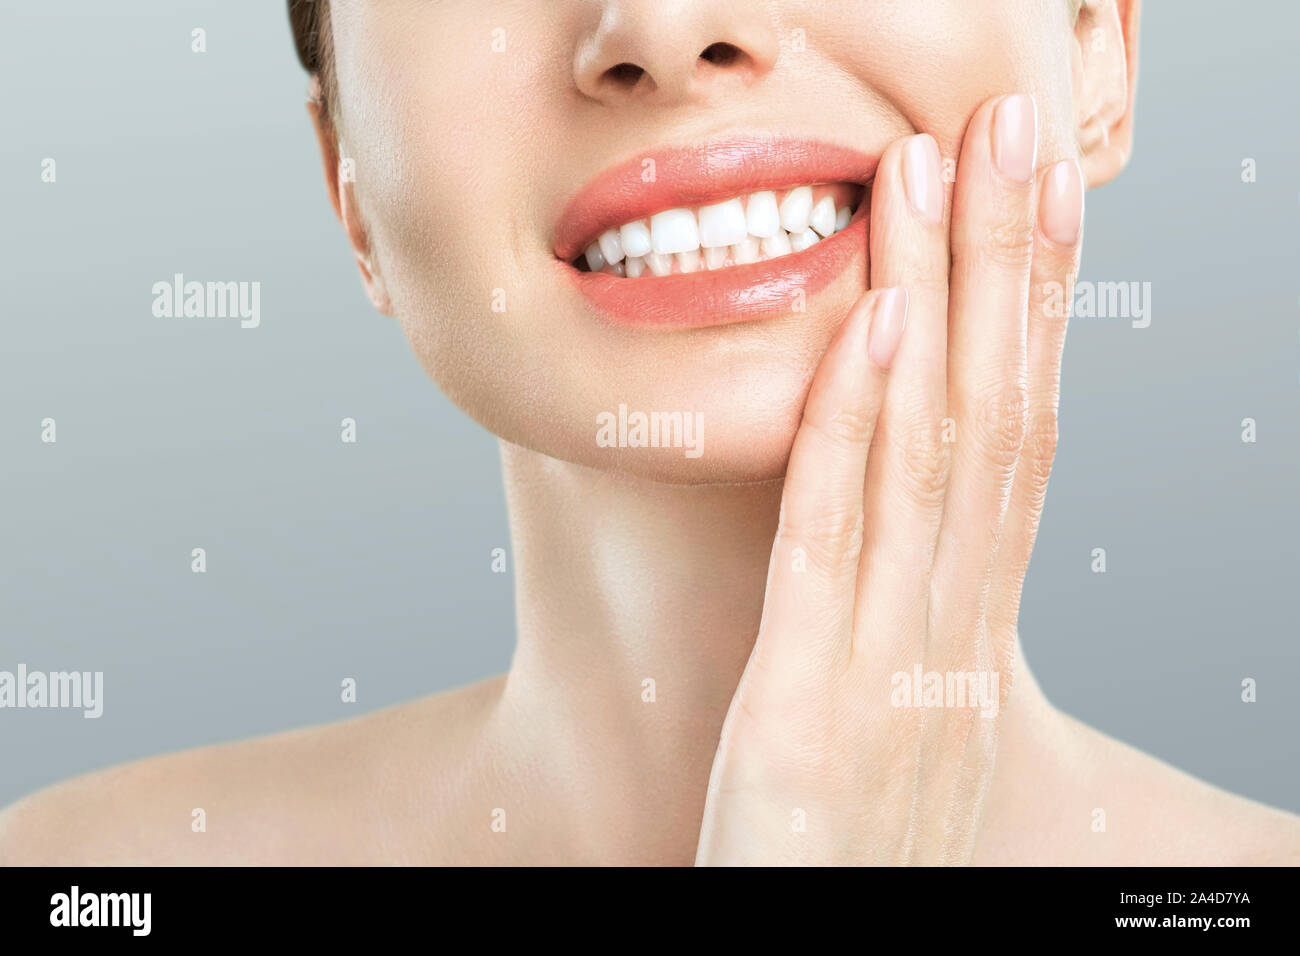 Tooth Pain And Dentistry. Young Woman Suffering From Strong Teeth Pain, Touching Cheek With Hand. Female Feeling Painful Toothache. Dentistry Care Stock Photo
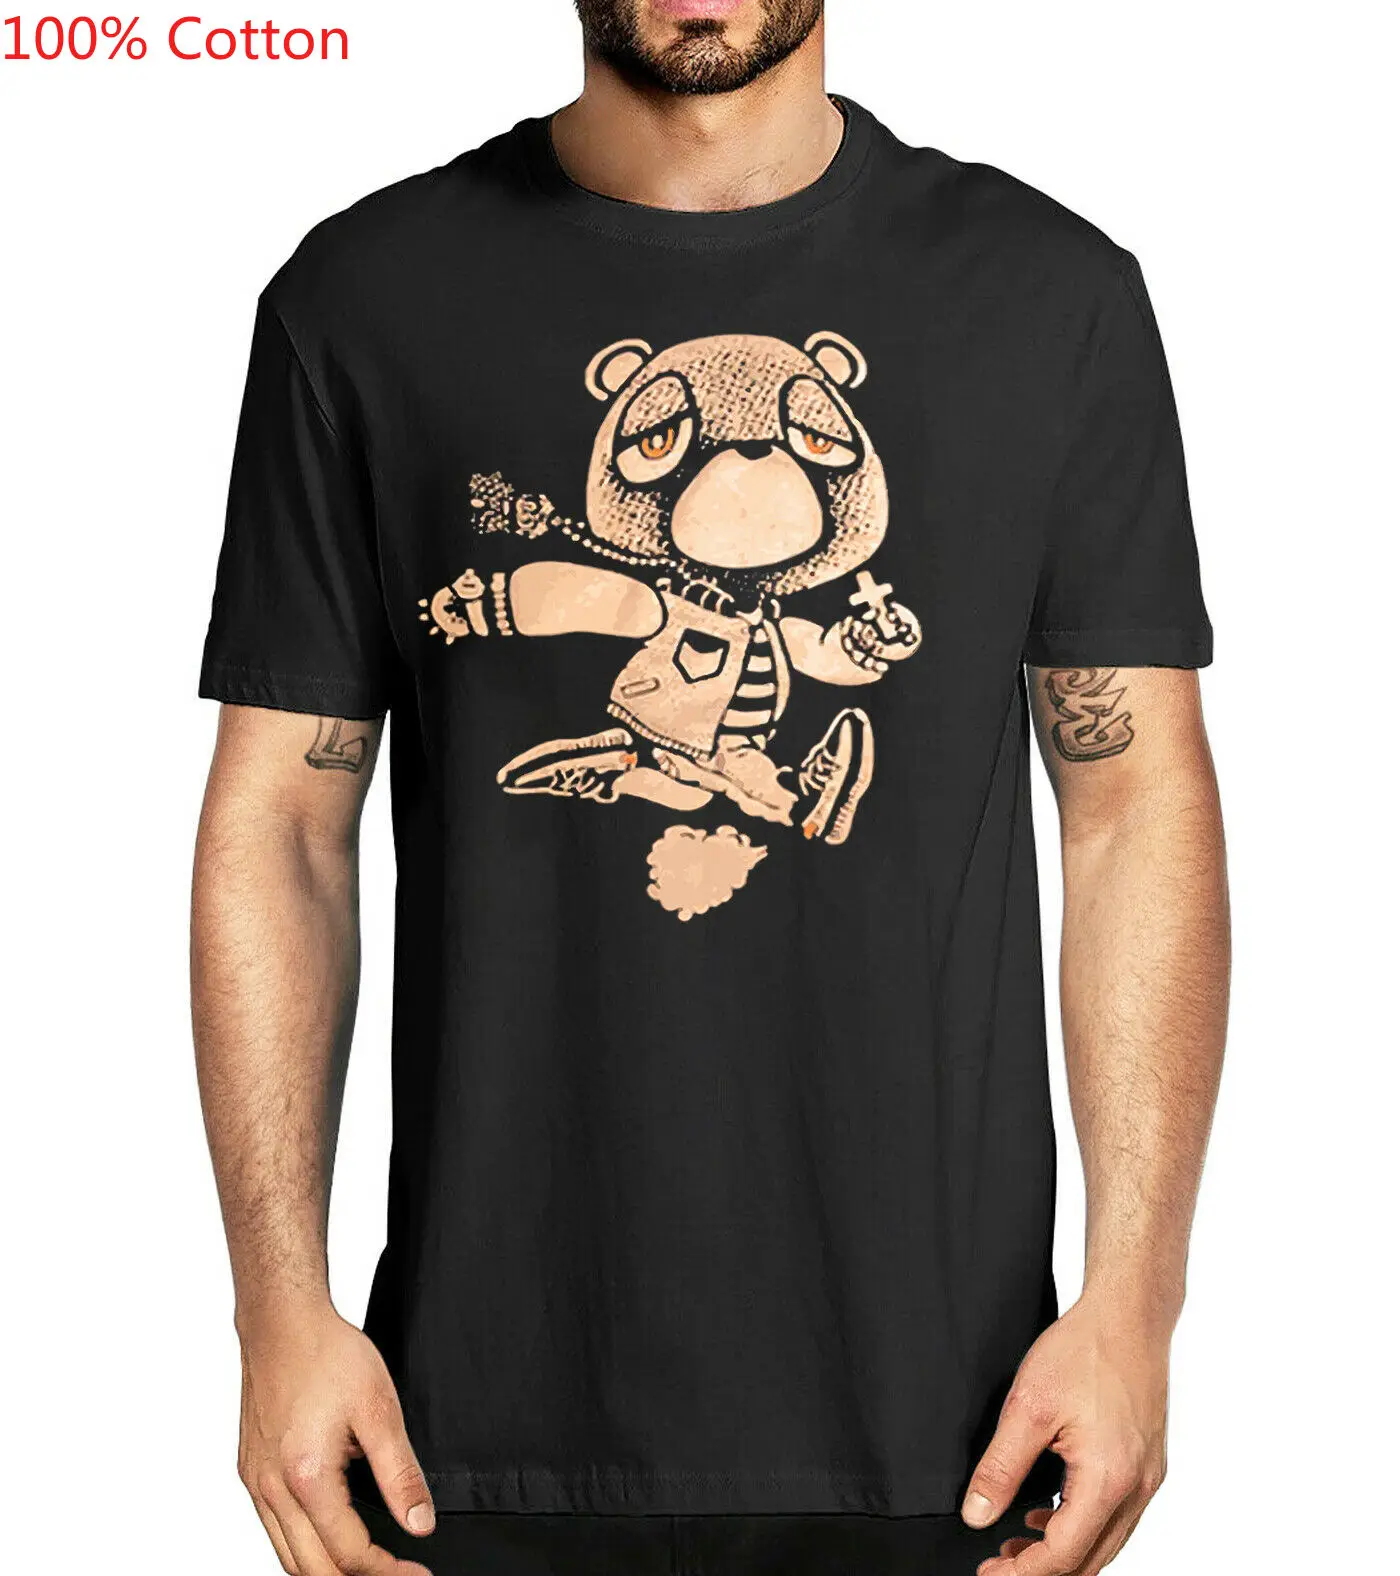 

Tan Kanye West Bear Late for Church crewneck for Yeezy Boost 350 V2O - Collar Four - Season Printed Cotton T-shirt Short Sleeves
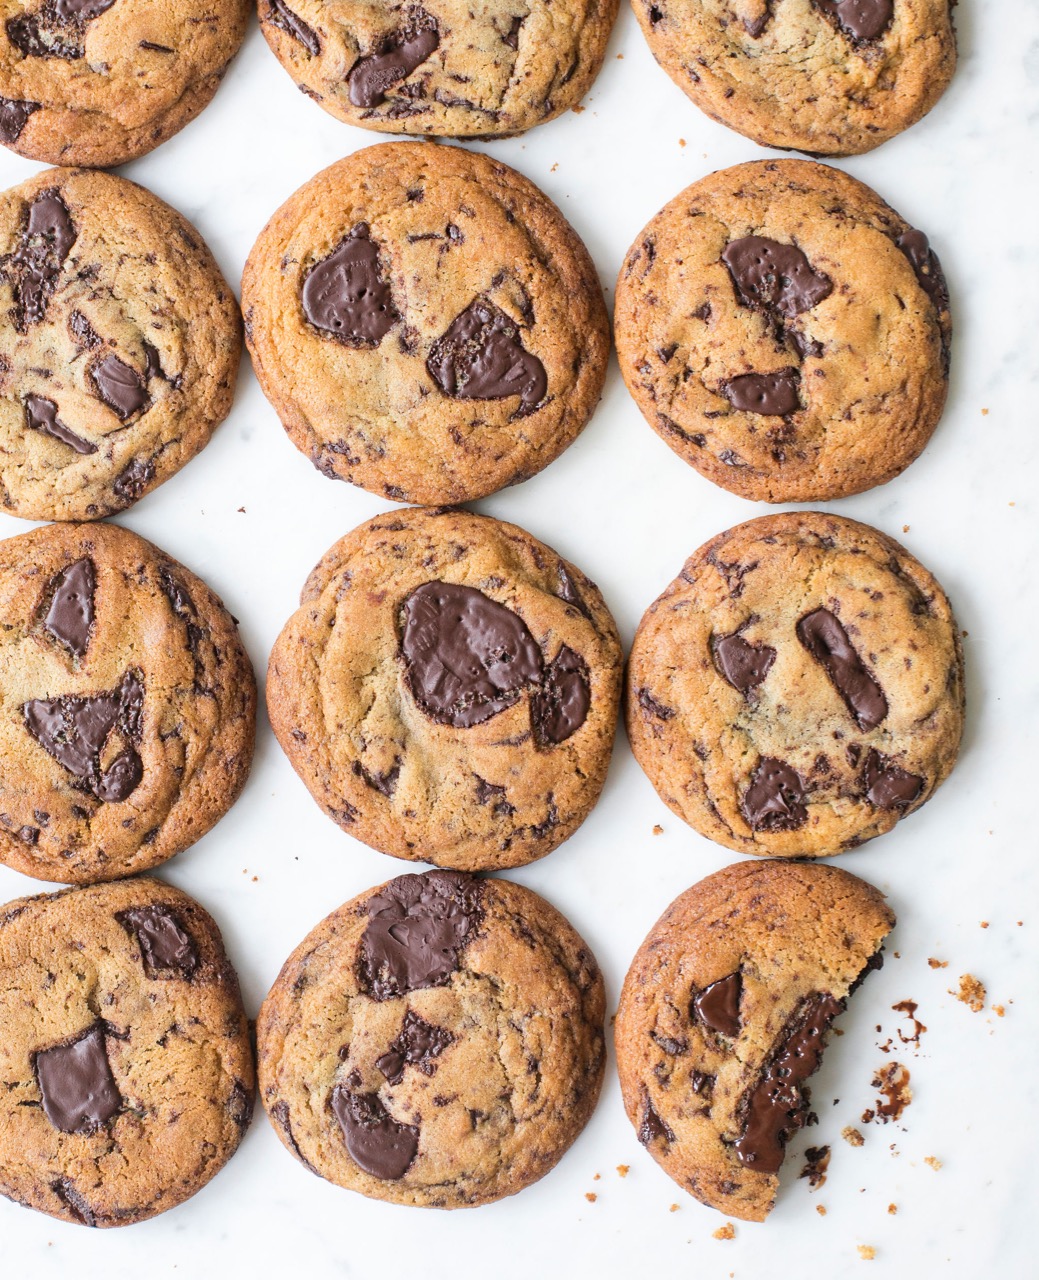 Gemma's 5 Star Chocolate Chip Cookies from the Bigger Bolder Baking Cookbook
▬▬▬▬▬▬
[Exercise directions]: Everything in the listing is to be returned word for word, except the pictures.

[Response]:
 Tooth Pain And Dentistry. Young Woman Suffering From Strong Teeth Pain, Touching Cheek With Hand. Female Feeling Painful Toothache. Dentistry Care Stock Photo

Tan Kanye West Bear Late for Church crewneck for Yeezy Boost 350 V2O - Collar Four - Season Printed Cotton T-shirt Short Sleeves
 Gemma's 5 Star Chocolate Chip Cookies from the Bigger Bolder Baking Cookbook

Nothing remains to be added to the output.